What needs to be done:
The pictures are to be left out, and all remaining data is to be transcribed exactly as it appears.

Material provided:
_ _ _ _ _ _ _

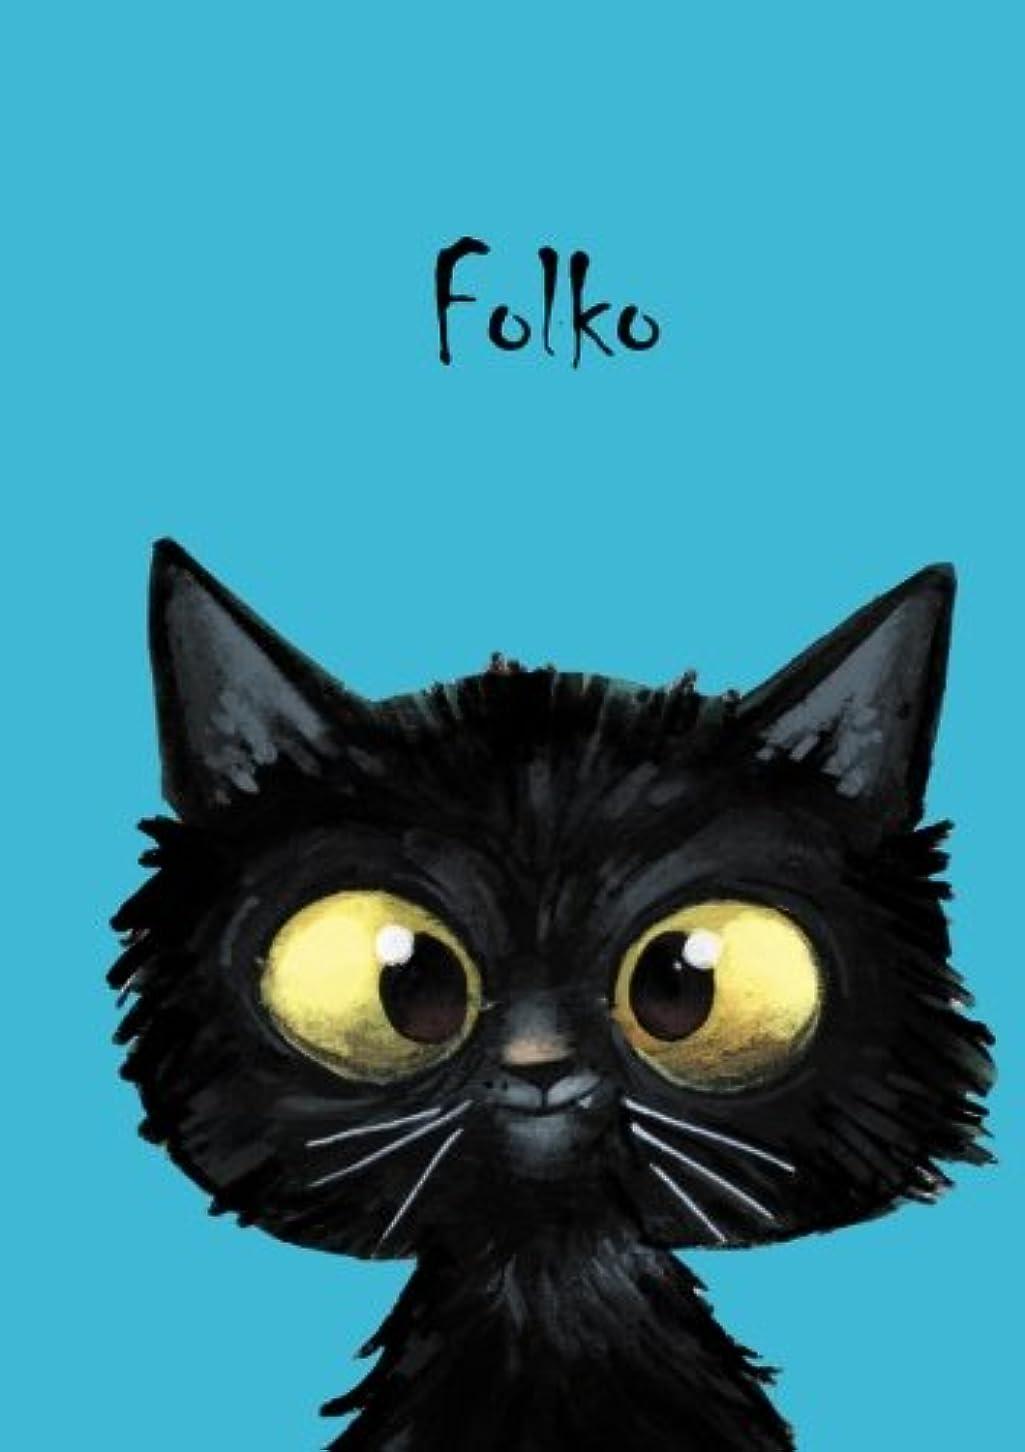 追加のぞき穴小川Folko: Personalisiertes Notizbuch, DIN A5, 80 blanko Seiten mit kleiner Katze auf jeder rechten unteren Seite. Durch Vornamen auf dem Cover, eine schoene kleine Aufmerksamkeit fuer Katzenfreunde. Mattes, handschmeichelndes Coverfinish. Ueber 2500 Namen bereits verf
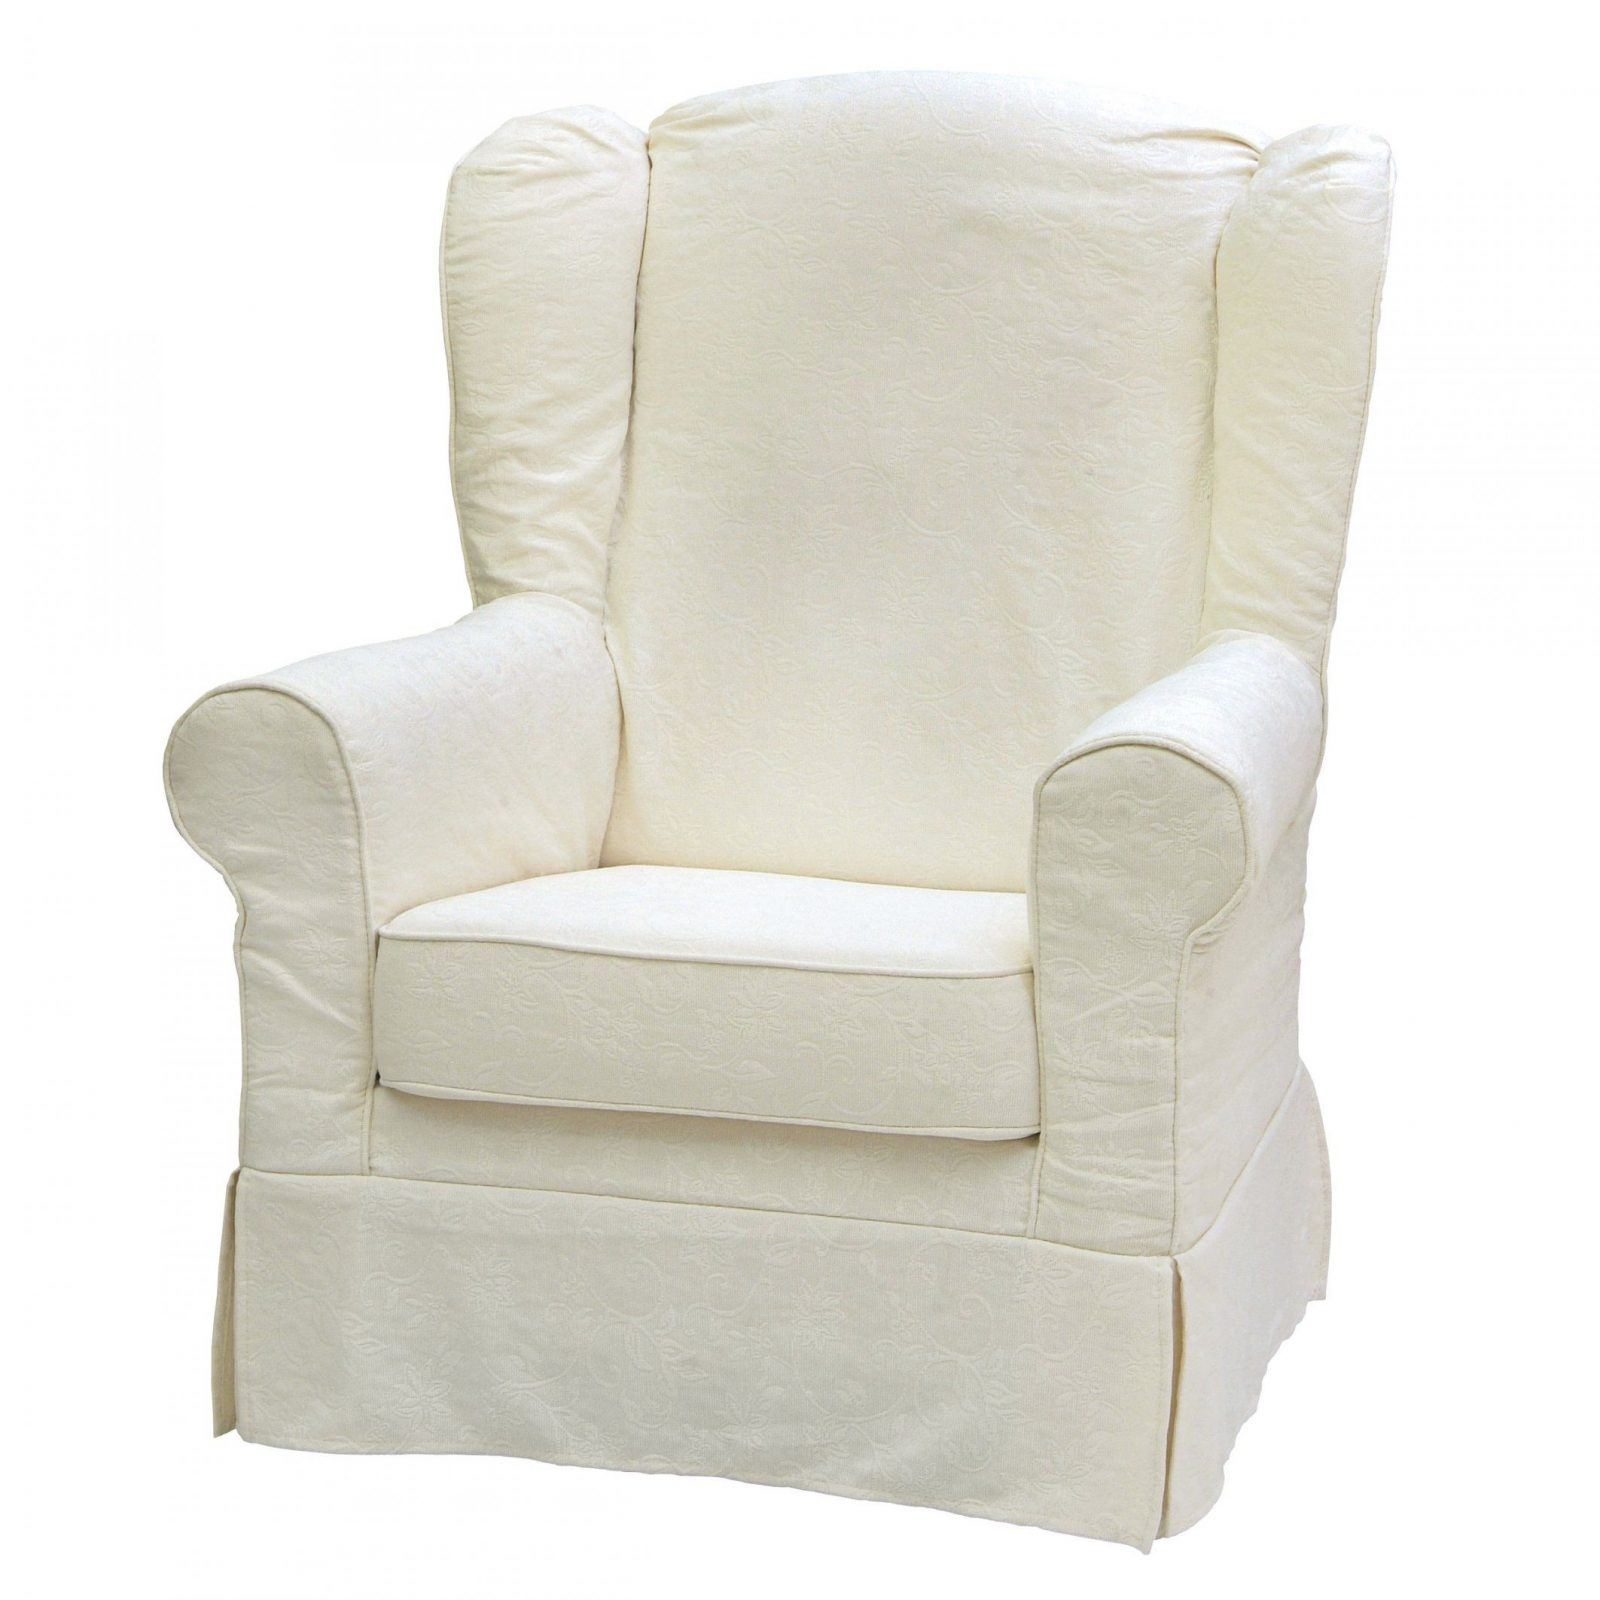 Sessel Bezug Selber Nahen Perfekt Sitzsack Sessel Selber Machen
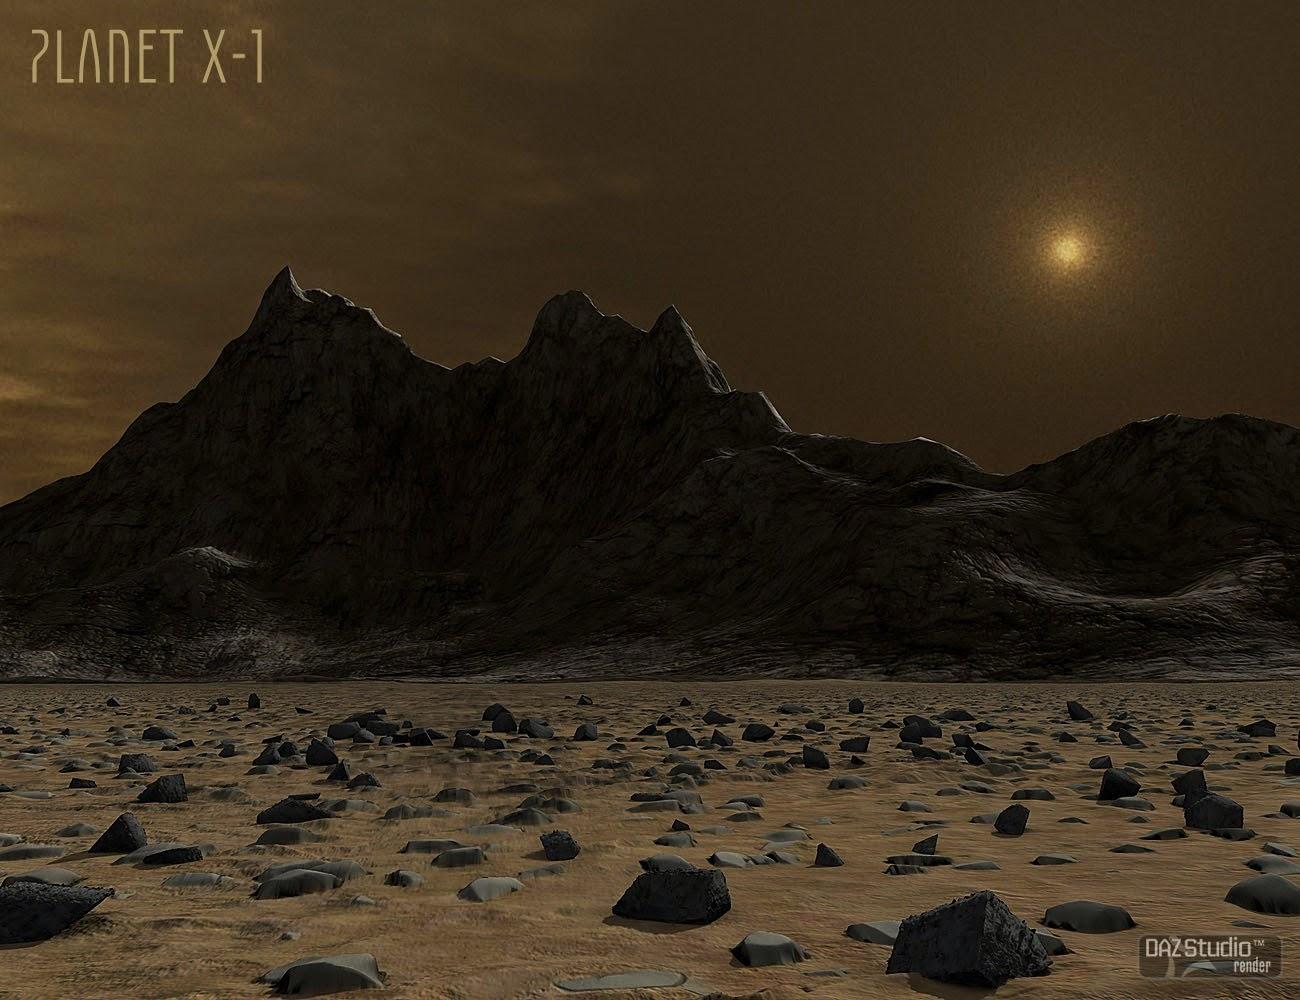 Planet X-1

_ _ _ _ _ _ _

Result for this exercise:
 追加のぞき穴小川Folko: Personalisiertes Notizbuch, DIN A5, 80 blanko Seiten mit kleiner Katze auf jeder rechten unteren Seite. Durch Vornamen auf dem Cover, eine schoene kleine Aufmerksamkeit fuer Katzenfreunde. Mattes, handschmeichelndes Coverfinish. Ueber 2500 Namen bereits verf
 Sessel Bezug Selber Nahen Perfekt Sitzsack Sessel Selber Machen
 Planet X-1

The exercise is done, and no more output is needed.